19th Century, Miscellaneous

The Divine Revelation

Just a quickie post to note something that caught my attention in the August 15 edition of the National Post. Throughout the summer the National Post has been producing a series of articles “on the revolutionaries, luminaries and criminals who have taken time out from shaping world events to pay us a visit — and how that visit shaped them.” Us, meaning Canada.

This last edition detailed the visit that Joseph Smith, founder of Mormonism, paid to Southern Ontario in 1833 in the hopes of evangelizing the Canadians to his faith. You can read the article online here, but this is the part I like best:

Although this was Smith’s first trip over the border, the British colony had played a curious role in one of his first divine revelations. Via the seer stone, Smith had declared in 1830 that if his followers went to Kingston, Ont. — the terminus of the still-under-construction Rideau Canal — they would secure funding to distribute the Book of Mormon.
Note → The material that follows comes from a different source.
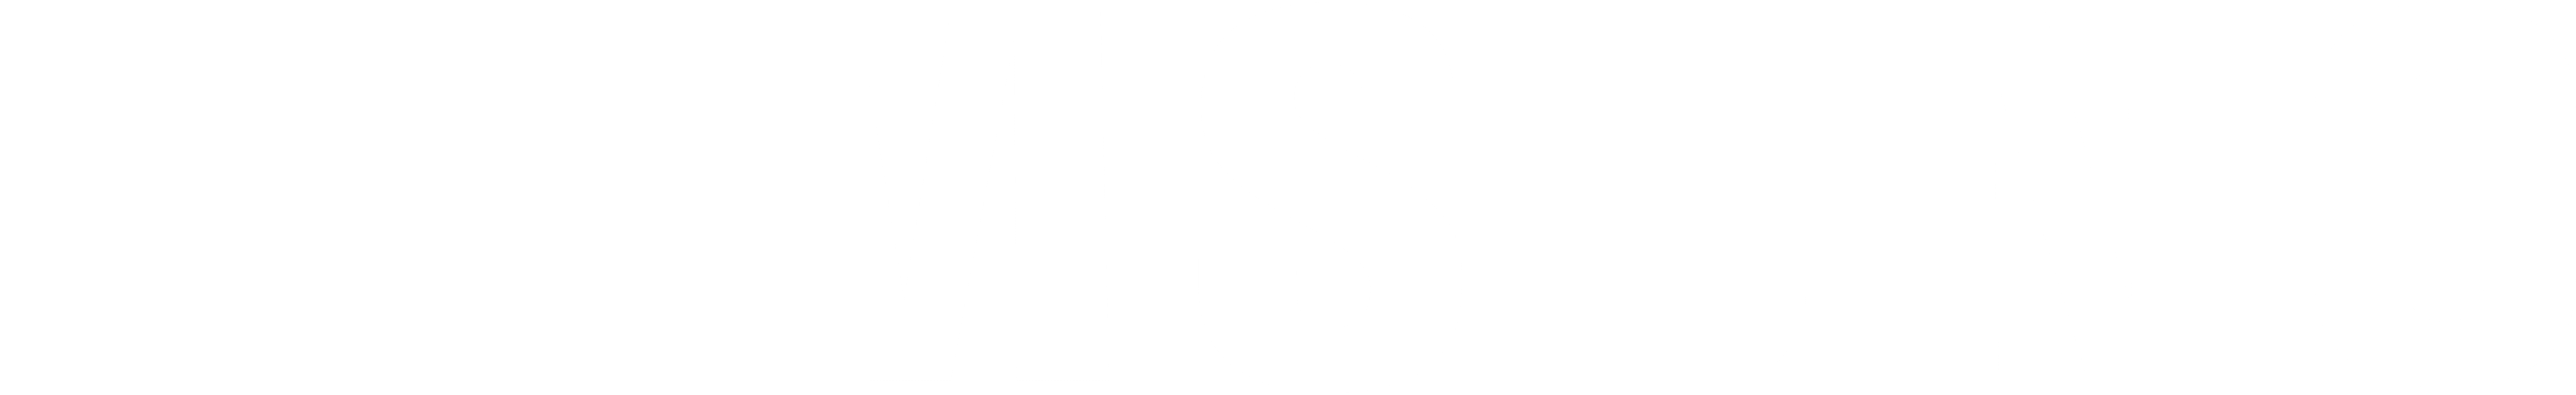 logo samsung invert

The seer stone was the device that Joseph Smith used to decode Egyptian text on the buried plates shown to him by the angel Moroni. This decoded text became the Book of Mormon, published in 1830, the same year the Kingston revelation was made. However, God’s message to visit our nascent city couldn’t have been terribly urgent, because Smith never actually came here. Maybe he found the money to distribute his book anyway?

I know very little about the Mormon faith, but it made me smile to see Kingston as the subject of a divine revelation – something that has certainly never been mentioned in any of the local history books I’ve read!

Update: Joseph Smith did visit Bath in 1833 though. Close enough.